Vi giuro che non l’ho fatto apposta. Mi sono letteralmente dimenticato di loro, preso com’ero dalla mia storia.
di Deborah Voliani
A casa nostra ci sono altri cuccioli: i pesci rossi che nuotano beati nel loro acquario.
Sono in tre per l’esattezza: Tino, Rino e Lino, sono i loro nomi.
Non l’ ho deciso io di chiamarli così, ma lo hanno deciso i miei padroni.
Vi dirò di più i loro pesci si chiameranno così in eterno, non avranno altri nomi.
Si limiteranno ad aggiungere il numero dopo il nome per tenere il conto di quanti pesci hanno avuto fino a quel momento. Non avete capito?
Vi faccio un esempio. Se non sbaglio Tino in realtà è Tino quarto. Prima di lui ci sono stati altri tre Tini. Rino è di fatto Rino terzo e Lino è semplicemente Lino, perché prima di lui non ce ne sono stati altri con quel nome.
Insomma un vero casotto.
Di loro non posso lamentarmi. Se ne stanno tutto il giorno nell’acquario che si trova sopra il muretto divisorio che separa il soggiorno dal primo corridoio e nuotano con una certa eleganza. Uno di loro è grasso ed a volte mi sembra di vederlo nuotare come se avesse bevuto un bicchierino di troppo.
Poi però si riprende e torna a nuotare con più agilità.
Ricordo la prima volta quando i pesci sono entrati nella nostra casa.
Non li sentivo una minaccia al mio territorio, dal momento che sono molto piccoli e per natura non potrebbero condividere con me il mio spazio vitale perché senza acqua morirebbero.
Loro non lo sanno che li osservo spesso. Il loro movimento nell’acqua è delicato. Anche durante i loro giochi, quando si rincorrono dietro le rocce, sono silenziosi e mi ricordano tanto uno di quei films muti degli anni cinquanta.
Sono ridicoli e chissà se loro penseranno lo stesso di me.
Voi vi chiederete. Nessun istinto animale? Nessuna voglia di mangiarli?
No signori. Penso di essere l’unico gatto in Italia, se non addirittura nel mondo, a cui non piace il pesce. Vi dirò di più, quelle poche volte che l’ho mangiato ho avuto dei problemini intestinali che è meglio non raccontare nei dettagli.
Nei miei giochi immaginari li ho inseriti in un’isola deserta tipo Lost, la serie televisiva che ha avuto molto successo.
Vedo la scena.
Siamo in esterna. Ciak si gira!
Il mio amico pirata si trova in difficoltà sopra una zattera e sta cercando di raggiungere la sponda dell’isola dove già mi trovo io perché sono precipitato da un aereo e sono miracolosamente salvo.

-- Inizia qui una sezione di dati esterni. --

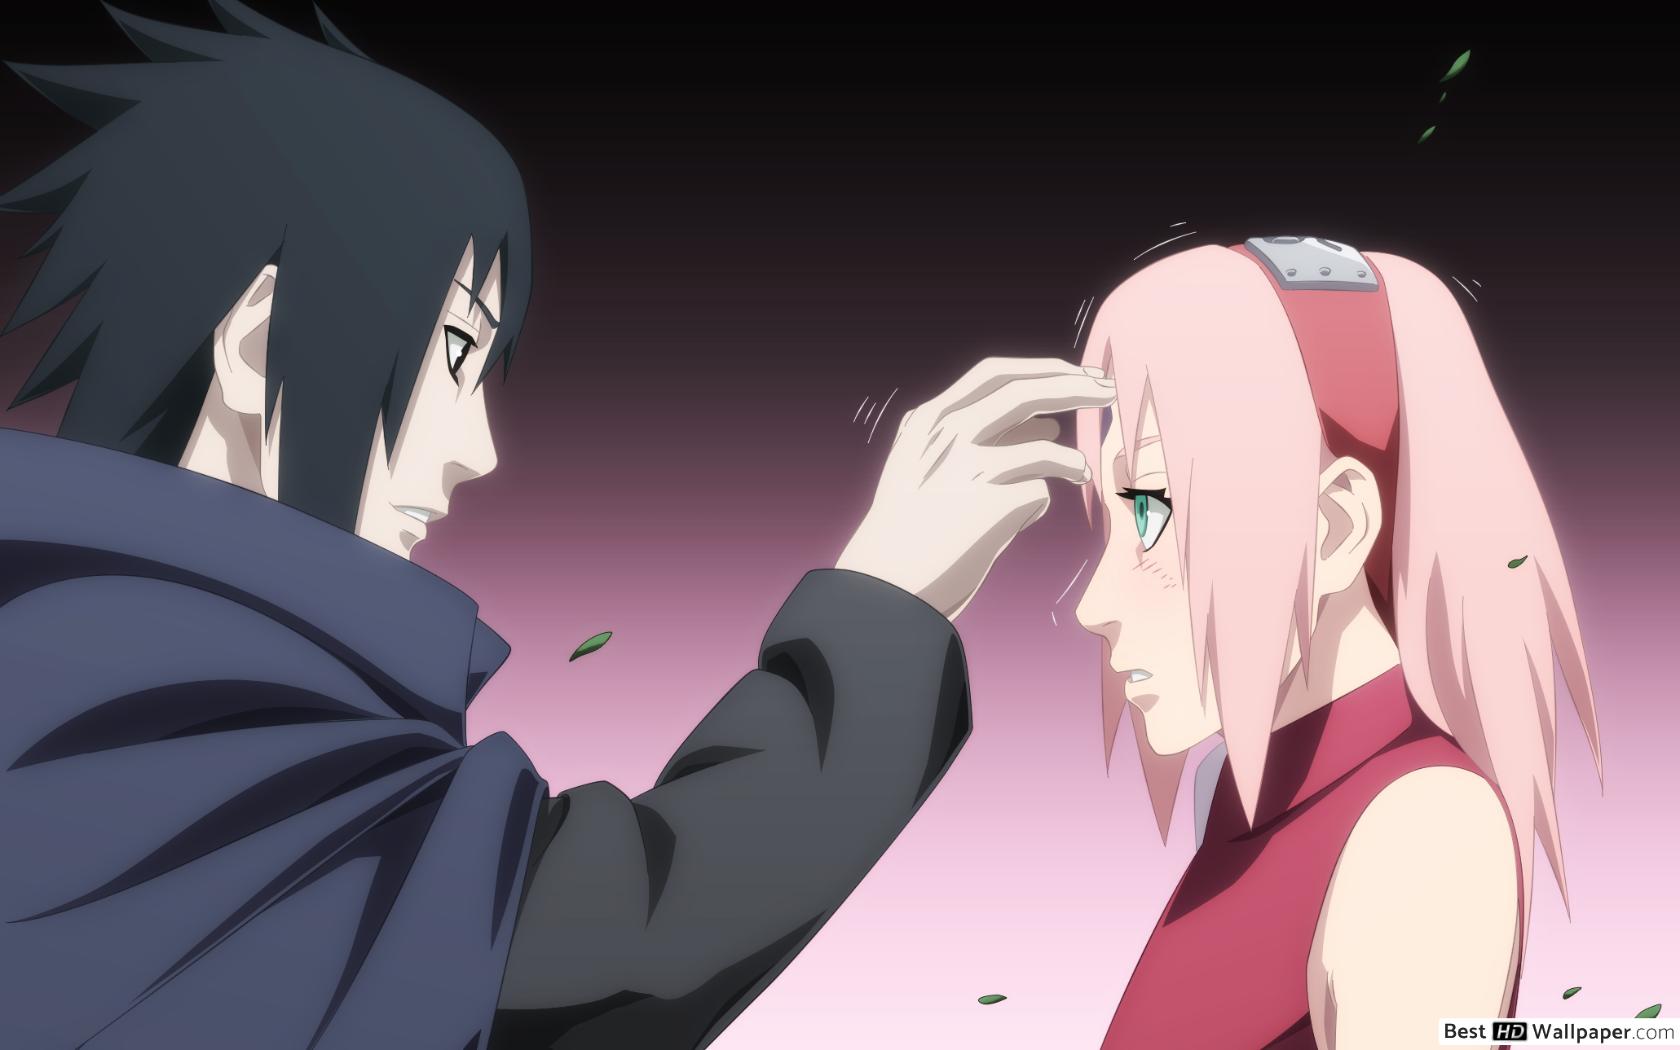 MK Animes - nova novel de Naruto tem beijo entre Sasuke e Sakura amooooo

Vedo avanzare la piccola imbarcazione. Resto cauto come la mia natura mi suggerisce. Non mi fido degli altri, che sono solo degli intrusi e con noi non c’entrano niente.
Il pirata scende dalla zattera che ha provveduto a legare ad un palo sulla spiaggia che io avevo faticosamente piantato.

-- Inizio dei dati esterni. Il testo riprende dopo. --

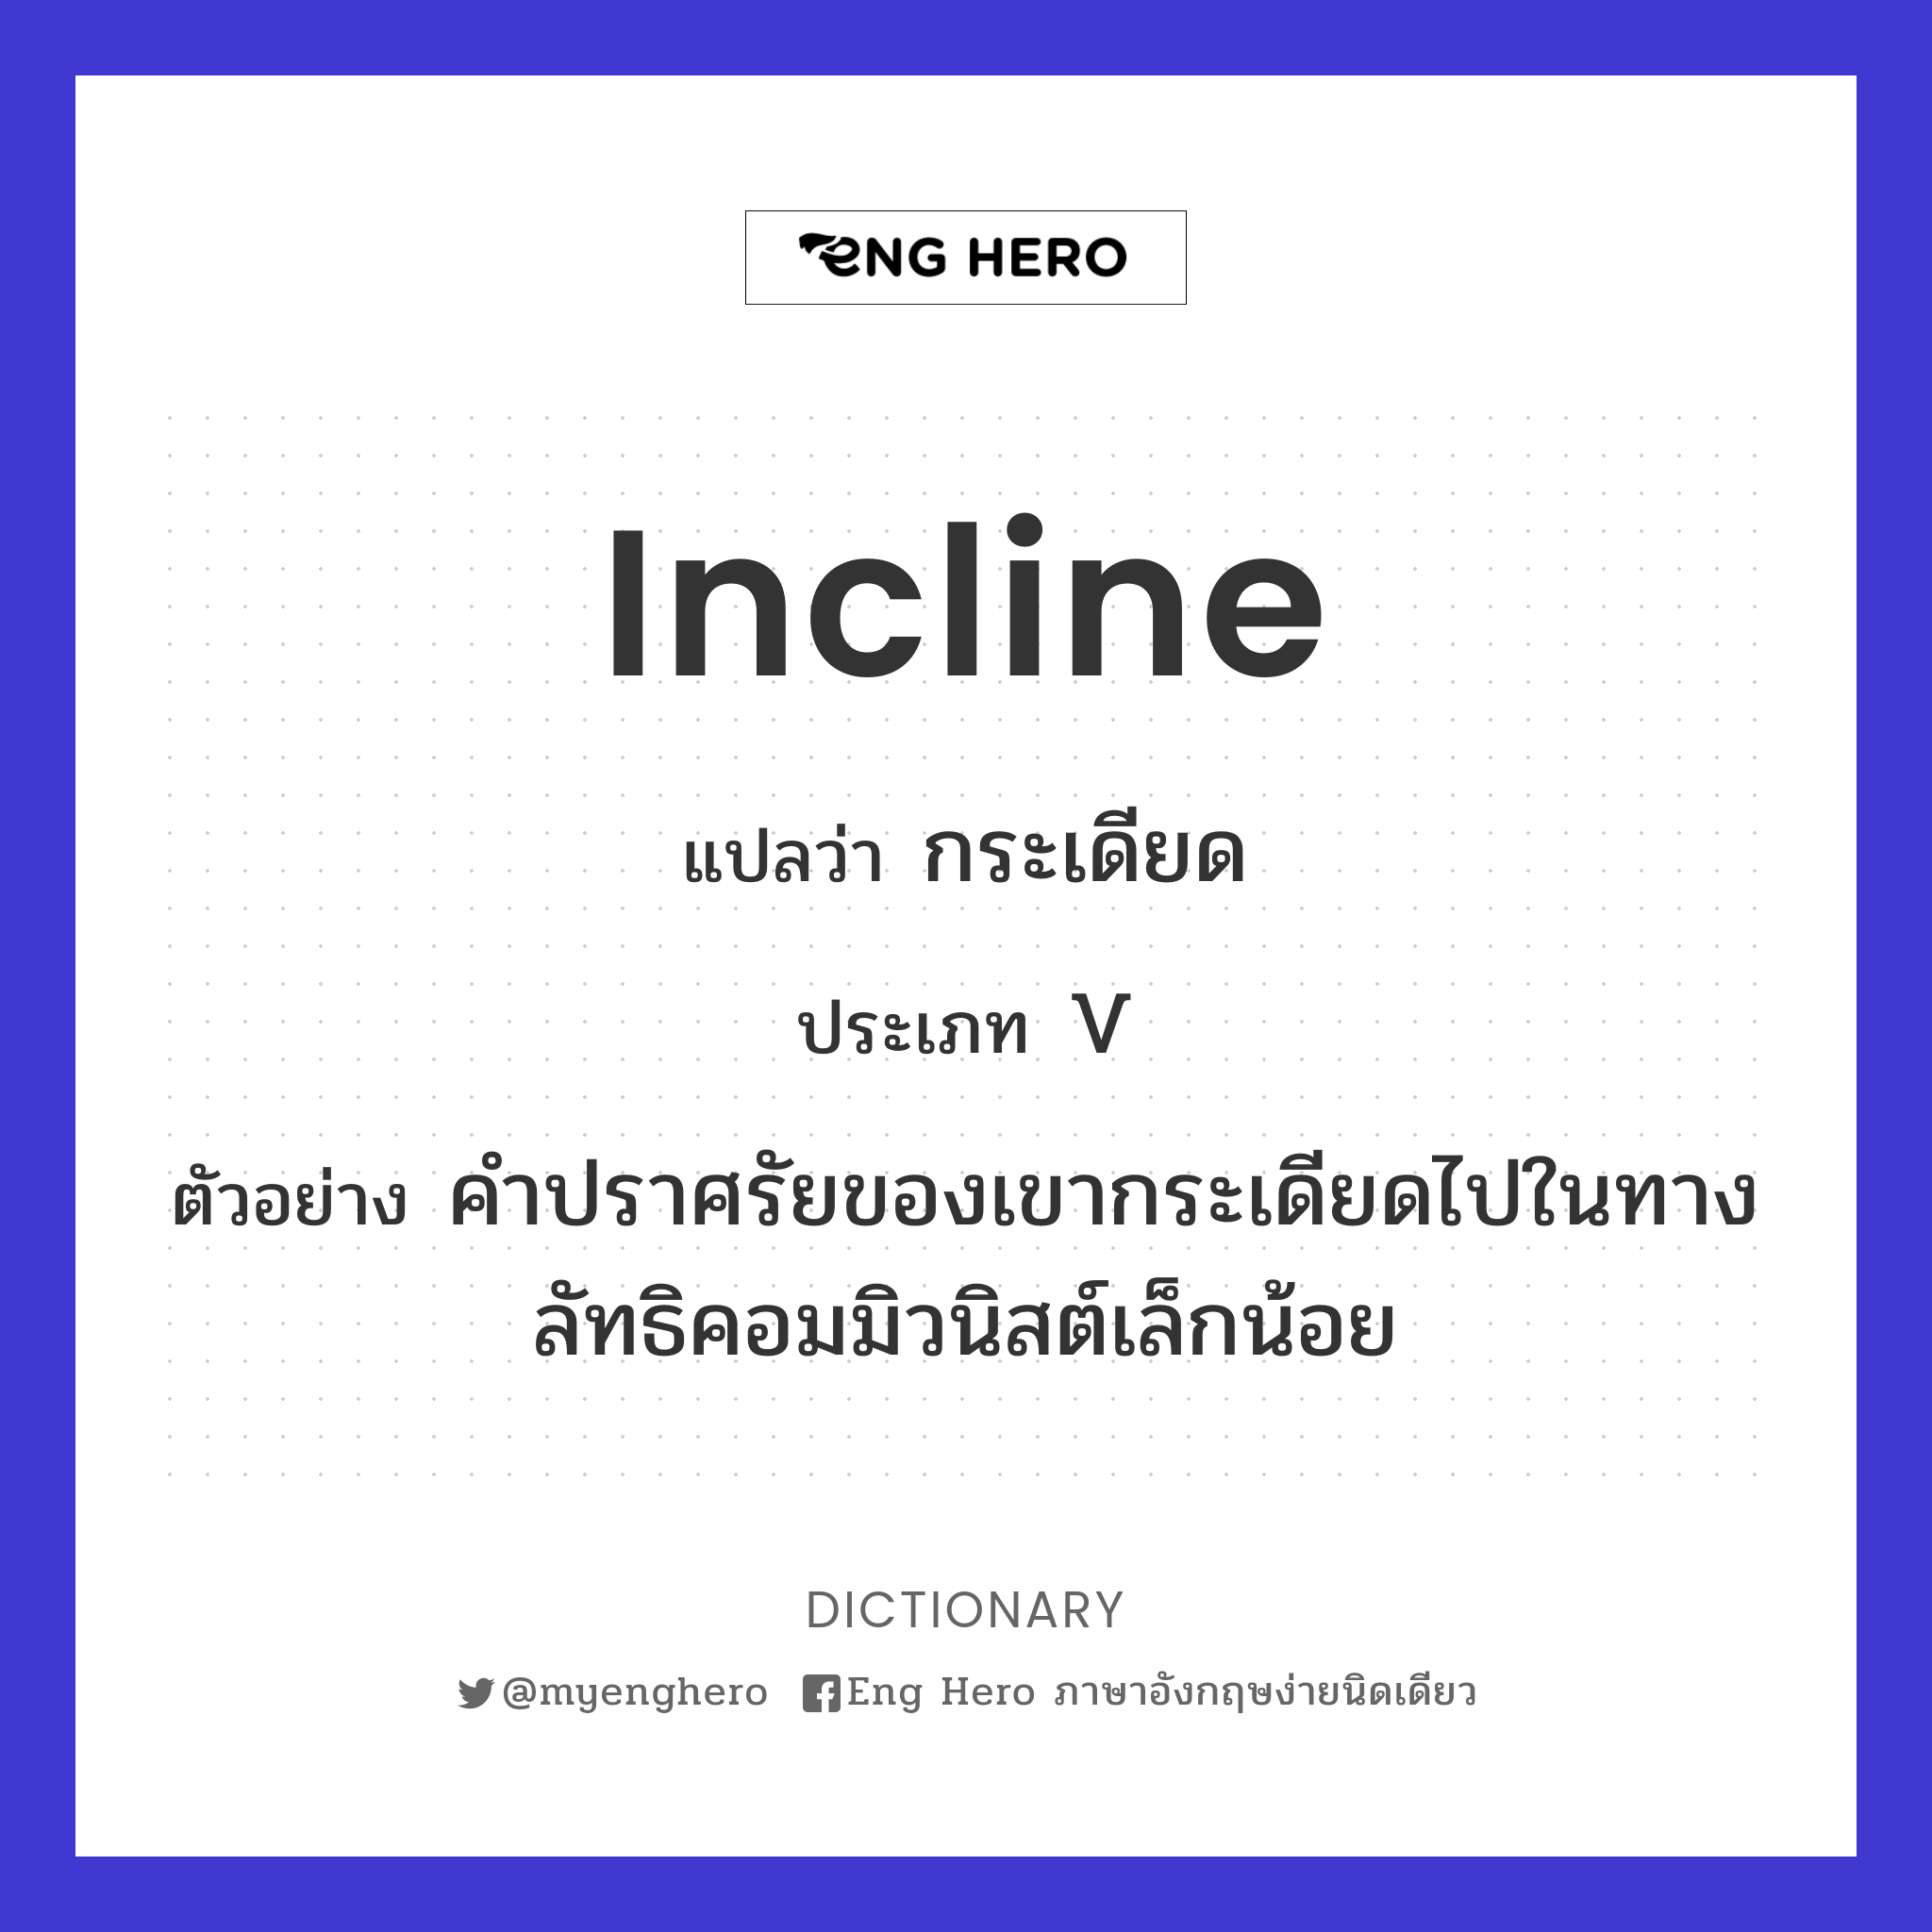 incline

Lui avanza ed io gli vado incontro.
Sembra la scena di mezzogiorno di fuoco, ma quello era un altro film.
Siamo ormai vicini, uno di fronte all’altro.
“Chi sei?”, gli chiedo. In questo gioco faccio finta che non ci conosciamo.
“Sono un pirata”, mi risponde lui.
“Quest’isola è mia”. Preferisco mettere in chiaro subito chi è che comanda così lo sconosciuto non si fa illusioni.
“Non voglio l’isola, voglio la tua gente per i nostri esperimenti”.
“Va bene prendili ma lasciami in pace”, gli rispondo.
Prendo dalla borsa che avevo portato con me, gli altri sopravissuti al disastro aereo, Tino quarto, Rino terzo e Lino e glieli porgo.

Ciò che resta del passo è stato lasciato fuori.